Subscribe to the Non-Human & AI Identity Journal

How should teams decide which workload events to forward to Splunk?

Forward the events that answer operational questions your responders actually ask, such as what was blocked, what drifted, what lineage preceded the action, and what evidence supports compliance. That keeps the dataset useful and prevents noisy telemetry from overwhelming the investigation workflow.

Why This Matters for Security Teams

Choosing workload events for Splunk is not a logging exercise, it is a decision about whether responders can reconstruct what a workload did, why it did it, and whether that behaviour was authorised. For NHIs, the highest-value events usually show blocked actions, privilege changes, secret use, certificate issuance, unusual lineage, and evidence that supports audit or incident response. The Ultimate Guide to NHIs notes that 79% of organisations have experienced secrets leaks, which is why event selection should prioritise actions that expose misuse, not every routine heartbeat. Industry guidance also favours workload identity over opaque service account sprawl, as described in the SPIFFE workload identity specification.

The practical mistake is flooding Splunk with low-context telemetry that looks complete but does not answer operational questions during an outage or breach. Security teams get better outcomes when they forward events that establish identity, privilege, intent, and outcome in the same investigative path. In practice, many teams learn this only after an incident has already exposed missing lineage or invisible privilege drift.

How It Works in Practice

A useful forwarding strategy starts with a question-driven filter: what would a responder need to know to confirm misuse, identify blast radius, and prove control effectiveness? For workload events, that typically means forwarding records tied to authentication, authorisation, secret access, token minting, certificate lifecycle, policy denials, config drift, and cross-service calls with meaningful provenance. Current guidance suggests that event value is highest when the log line can be linked back to a workload identity primitive, such as the SPIFFE ID model, rather than a static host label or vague process name.

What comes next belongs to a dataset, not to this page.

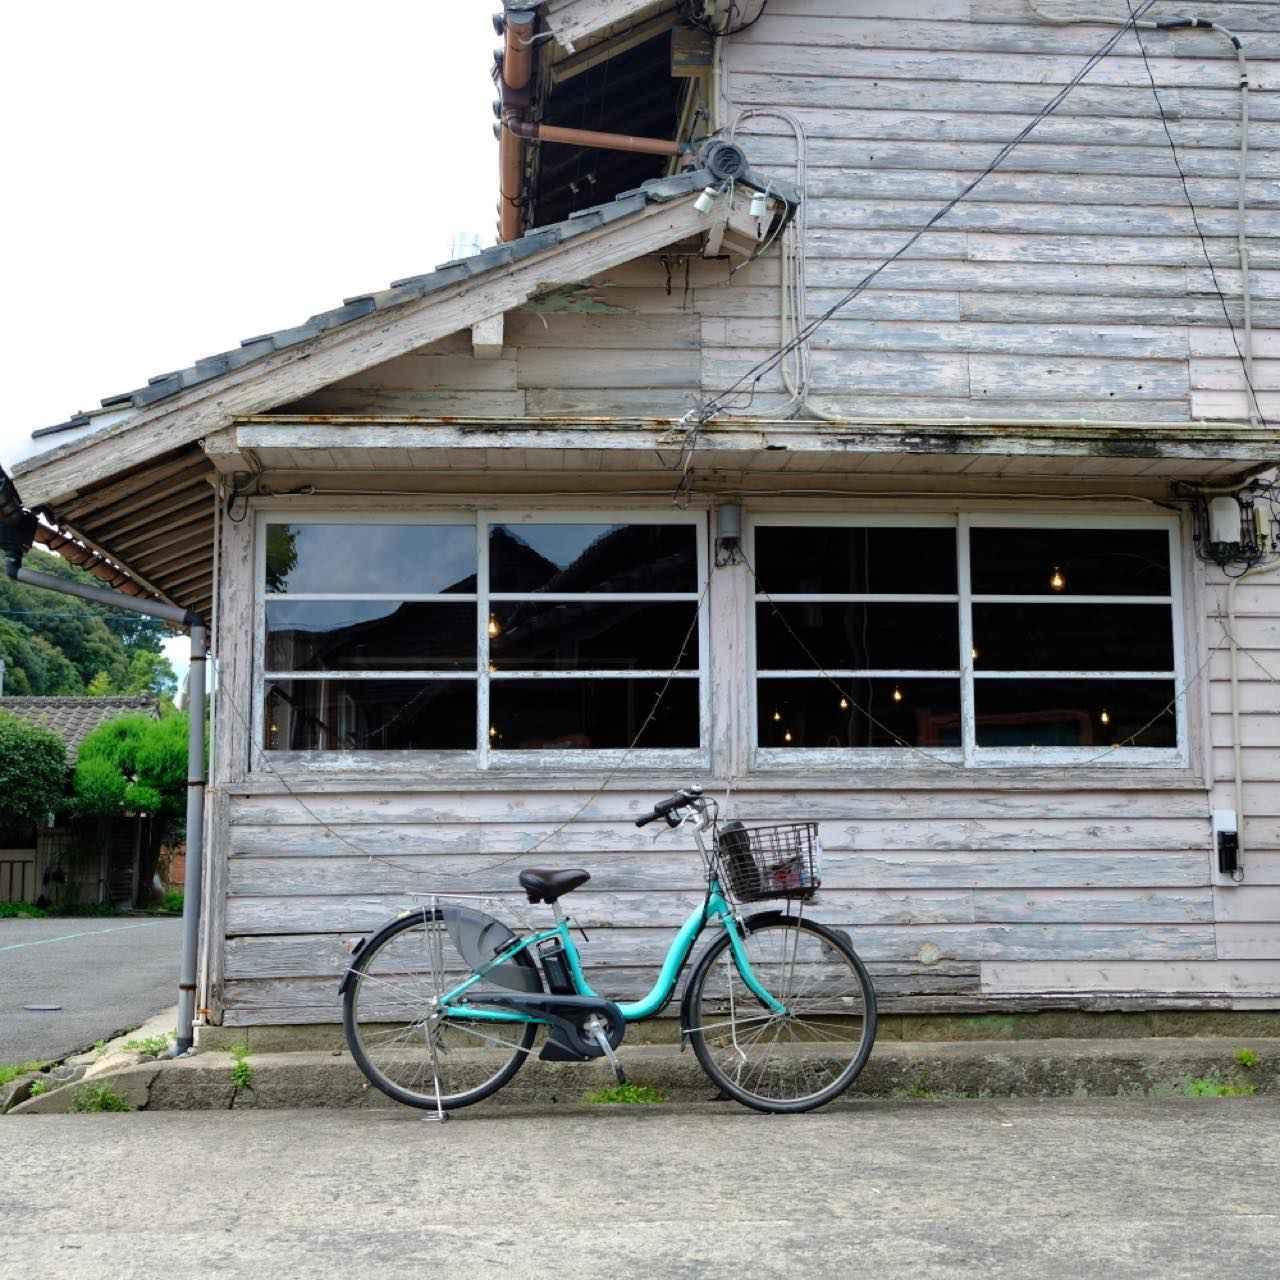 画像: この後の予定は、レンタサイクルで坂道登り。レンタサイクルは電動アシスト付きです。その前にランチを済ませるため、カフェへと立ち寄ります。

Teams usually get better signal when they preserve events at the boundary where trust changes. That includes:

  • identity issuance and renewal events, such as ephemeral token or certificate creation
  • policy evaluation results, especially denied or conditionally approved requests
  • high-risk actions, including permission escalation and secret retrieval
  • lineage events that show which workload, job, or agent initiated the action
  • integrity events, such as config drift or unexpected runtime changes

For NHI governance, it is also worth forwarding evidence of rotation, revocation, and offboarding because those events answer whether controls actually worked. NHIMG research links weak visibility and manual handling to elevated risk, and the Guide to SPIFFE and SPIRE is useful when teams want cryptographic workload identity to anchor that telemetry. The goal is not maximum volume, but maximum investigability, so the log stream must support correlation across identity, policy, and action. These controls tend to break down in highly dynamic environments, especially autoscaled microservices and ephemeral AI workloads, because event cardinality rises faster than teams can tune storage and retention.

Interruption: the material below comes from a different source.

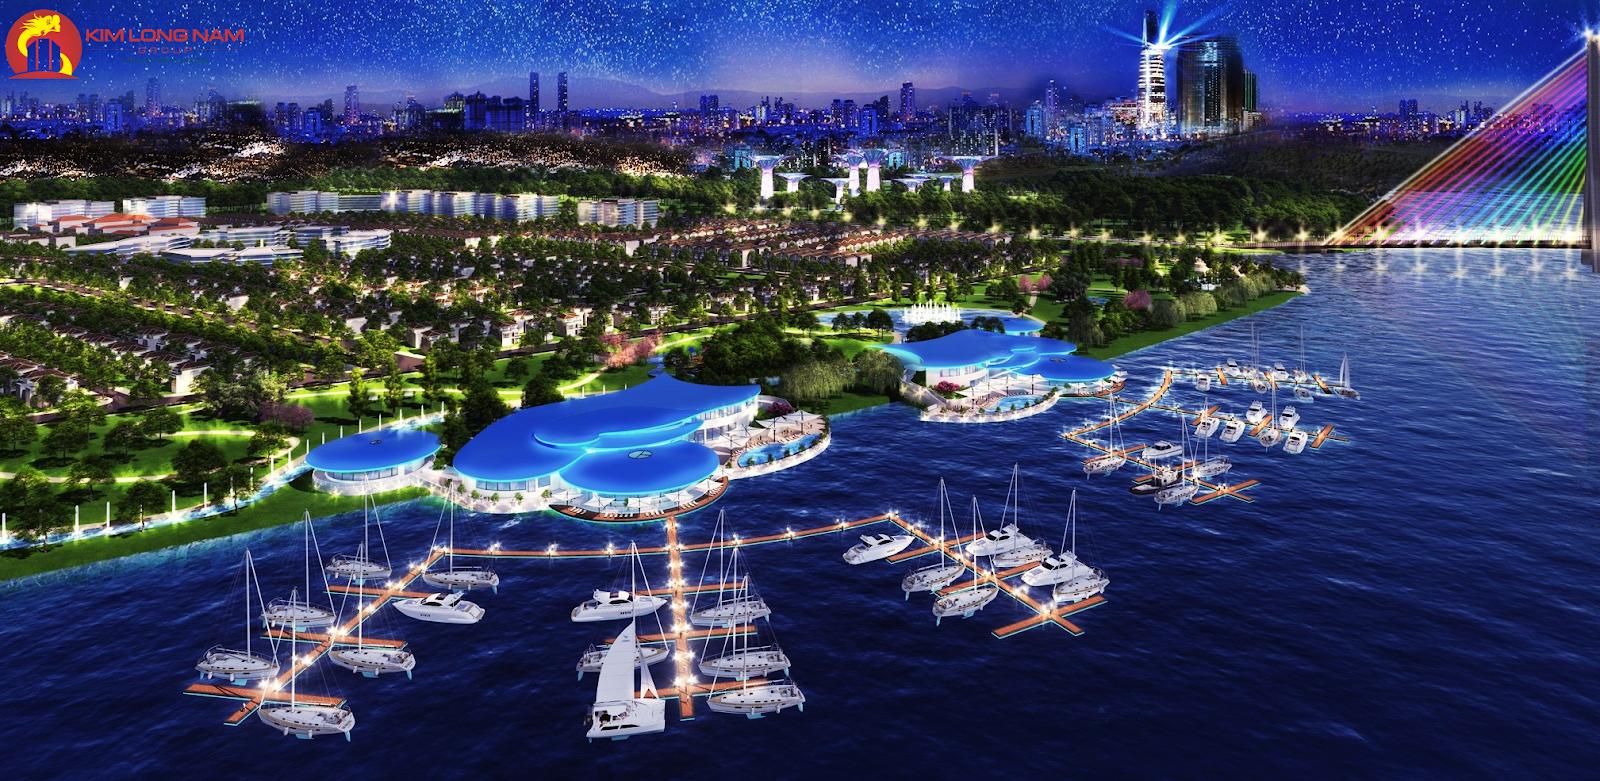 Kim Long Ocean Thuận Phước - Điểm nhấn kiến trúc của Đà Nẵng

Common Variations and Edge Cases

Tighter forwarding rules often reduce storage cost and analyst noise, but they also increase the risk of missing the one event that explains a compromise, so organisations must balance signal quality against forensic completeness. There is no universal standard for which workload events every environment must forward, because regulated systems, internal platforms, and agentic workloads create different evidentiary needs.

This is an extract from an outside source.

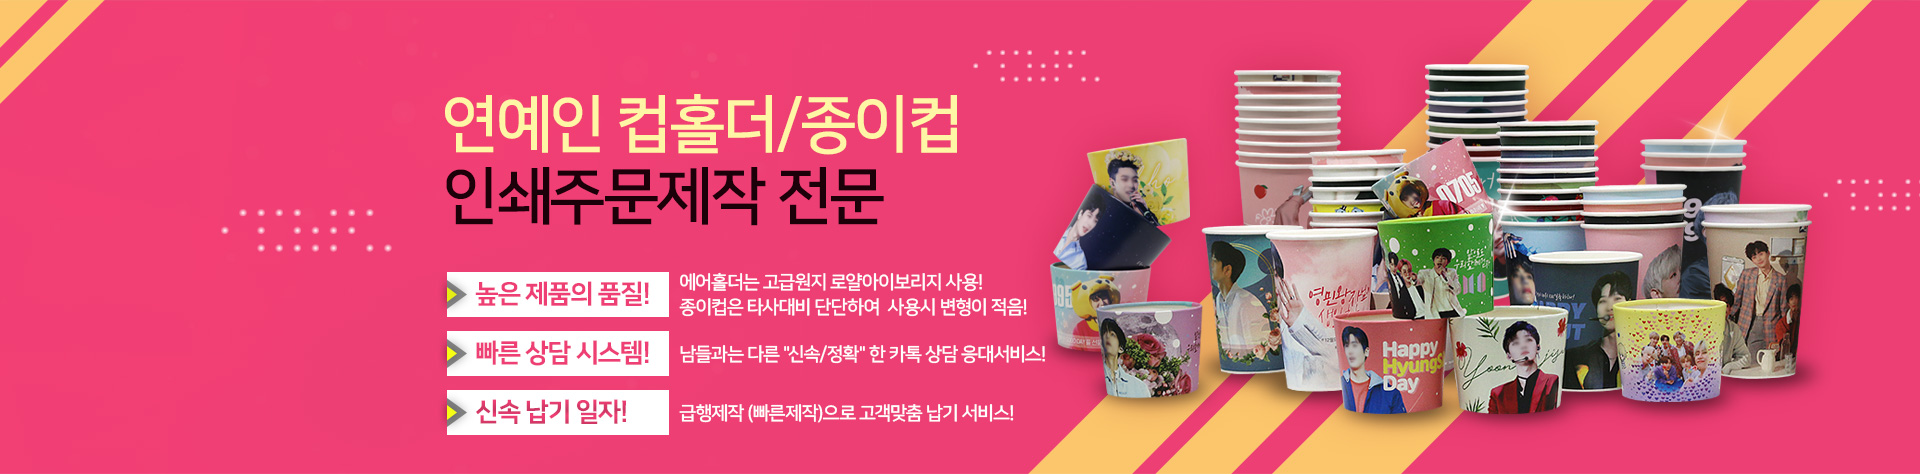 카마코 연예인 컵홀더/종이컵 인쇄주문제작전문 카마코

One common edge case is short-lived workloads. If a job exists for seconds, then startup, secret fetch, and exit events may matter more than periodic health logs. Another is autonomous agents, where runtime decisions can branch quickly; in those cases, it is usually better to forward intent, tool-use, and policy-result events than generic execution noise. Teams using service meshes, Kubernetes, or ephemeral runners should be careful not to drop identity context when logs are aggregated, because context loss makes later correlation expensive.

For compliance use cases, the threshold should be evidence first, convenience second. The Ultimate Guide to NHIs — Standards is useful background when aligning event selection to governance expectations, while the SPIFFE workload identity specification helps teams preserve the identity chain that makes those events defensible. Best practice is evolving, but the centre of gravity is clear: forward the events that prove who acted, what they did, what changed, and what was blocked.

Standards & Framework Alignment

This section maps relevant standards and security frameworks to the operational risks and controls described in this guidance.

OWASP Non-Human Identity Top 10 address the attack and risk surface, while NIST CSF 2.0 and NIST AI RMF set the governance and control requirements practitioners need to meet.

Framework Control / Reference Relevance
OWASP Non-Human Identity Top 10 NHI-01 Event selection must preserve identity, privilege, and secret-use evidence.
NIST CSF 2.0 DE.CM-1 Monitoring should capture meaningful security events, not every low-value signal.
NIST AI RMF GOVERN Agent and workload logs need governance for accountability and traceability.

Define logging standards for autonomous workloads so decisions, actions, and outcomes remain auditable.